As jet drags her toward the suspension bridge she screams “Oh, come on!” She barely clears the span while avoiding casualties. She climbs on the wing of the floating plane, panting and worn out.

The eleation on her face when she realizes how invunerable she is, and the surprise and fear she expresses when she meets her match are fantastic touches that Benoist brought to her version of the character.

But the characters around her will likely make her a dupe, and no one wants to see that.

Hank Henshaw (Homeland‘s David Harewood), the director of the Department of Extra-normal Operations, should be a familiar name. This is the character who blamed Superman for his wife’s death, was bestowed with the ability to communicate and merge with machines, built a cybernetic clone of Superman’s body, transferred his consciousness into that body and destroyed Coast City in Superman’s name.

Sorry, Moody.
Sorry, Moody.

Hank Hensaw should be on this show. He should not be the director of the DEO. Say what you will about Brian Azzarello’s For Tomorrow arc in the pre-Flashpoint Superman; that story introduced the perfect character for the DEO: Mr. Orr. Introduce Henshaw later. Don’t make Kara a dupe for allying herself with a clear villain.

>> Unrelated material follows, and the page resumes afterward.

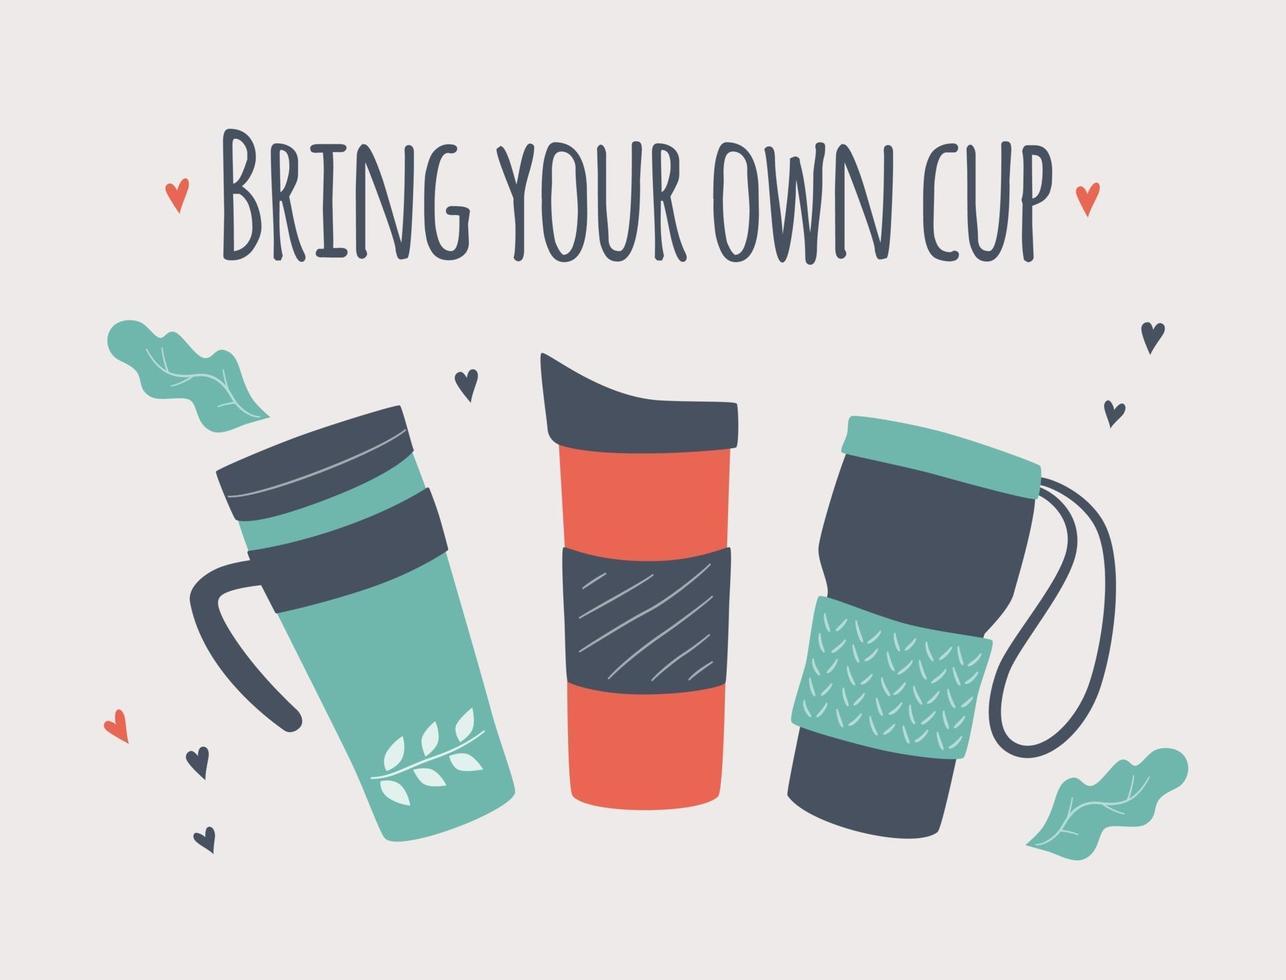 Bring your own cup. BYOC. Hand drawn reusable coffee to go mug vector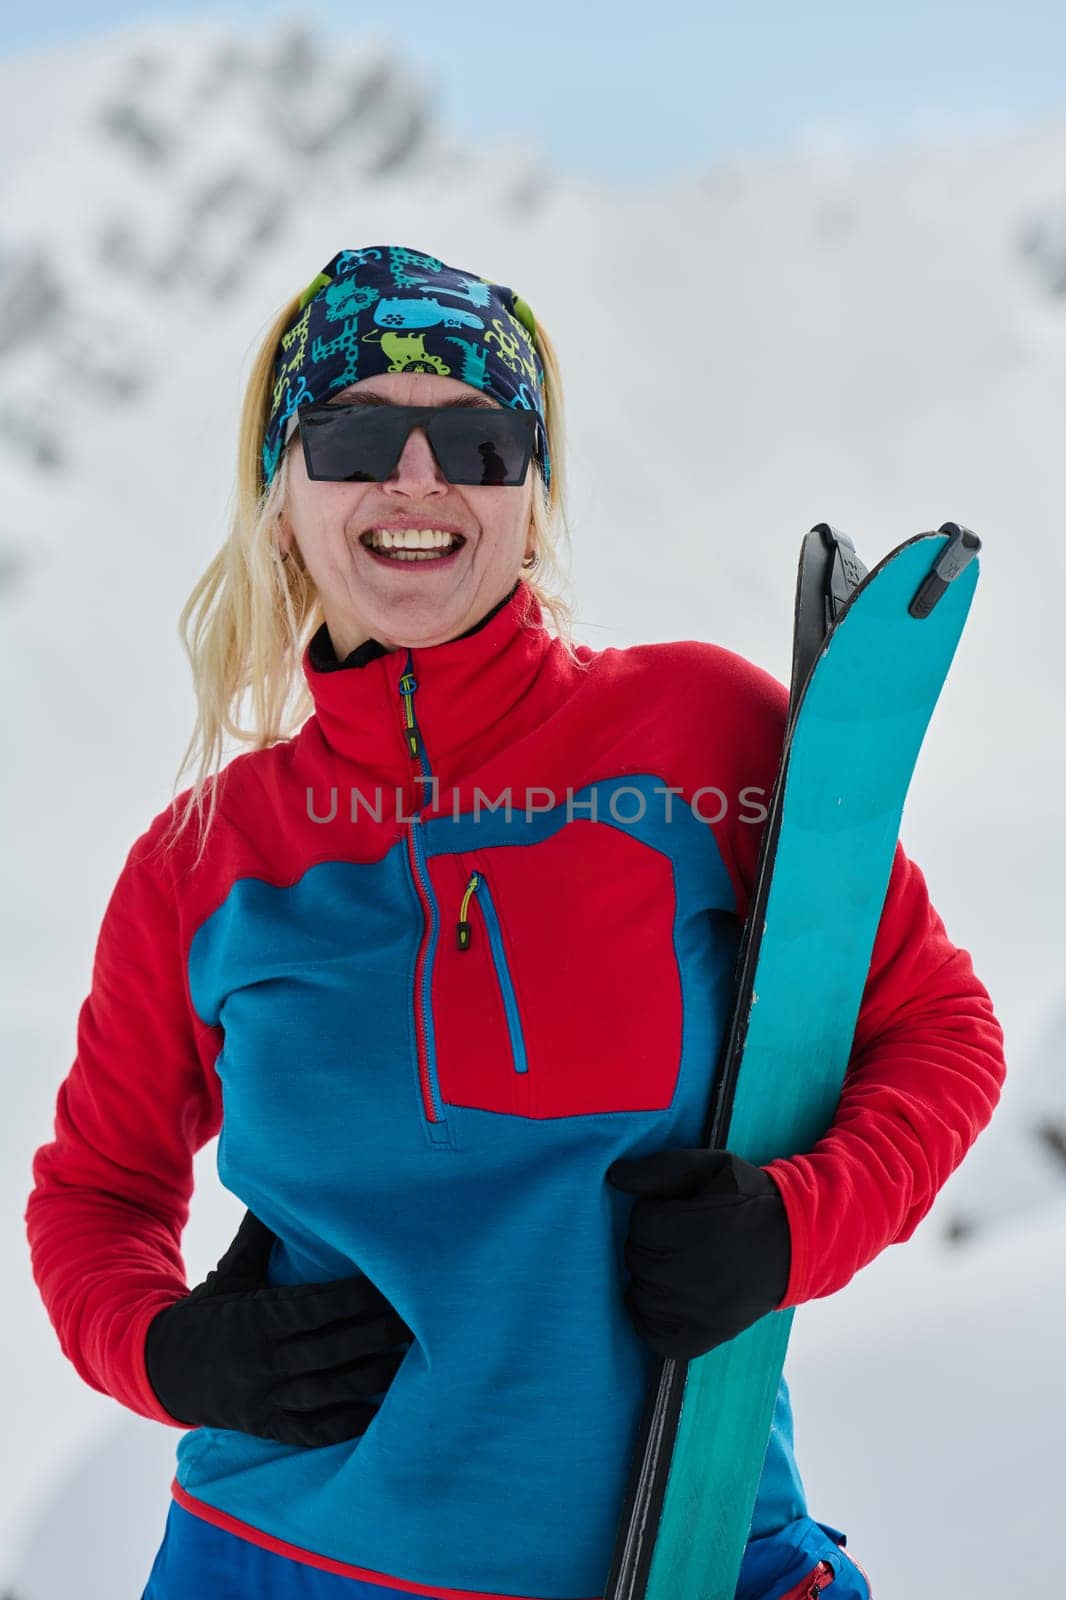 A Female Mountaineer Ascends the Alps with Backcountry Gear by dotshock

And that sets-up her “team.” It’s going to be villain-of-the-week style with escaped Phantom Zone prisoners. Team Arrow coalesced throughout Season 1 of Arrow. Team Flash was assembled long before Barry Allen received his powers. Kara doesn’t need a team. She’s Supergirl. And she sure as hell wouldn’t join a team who has shot her with Kryptonite darts and chained her to a table. That’s too damsel in distress, and that is what this show is supposed to be avoiding, right?

By far the most grating part of the show was Winn Schott, or the Toyman (Smash‘s Jeremy Jordan). The character here is just superfluous. Kara doesn’t need to have someone make her a suit. She doesn’t need someone to tell her where the police are. She can hear a heart beat but she can’t hear sirens? Come on!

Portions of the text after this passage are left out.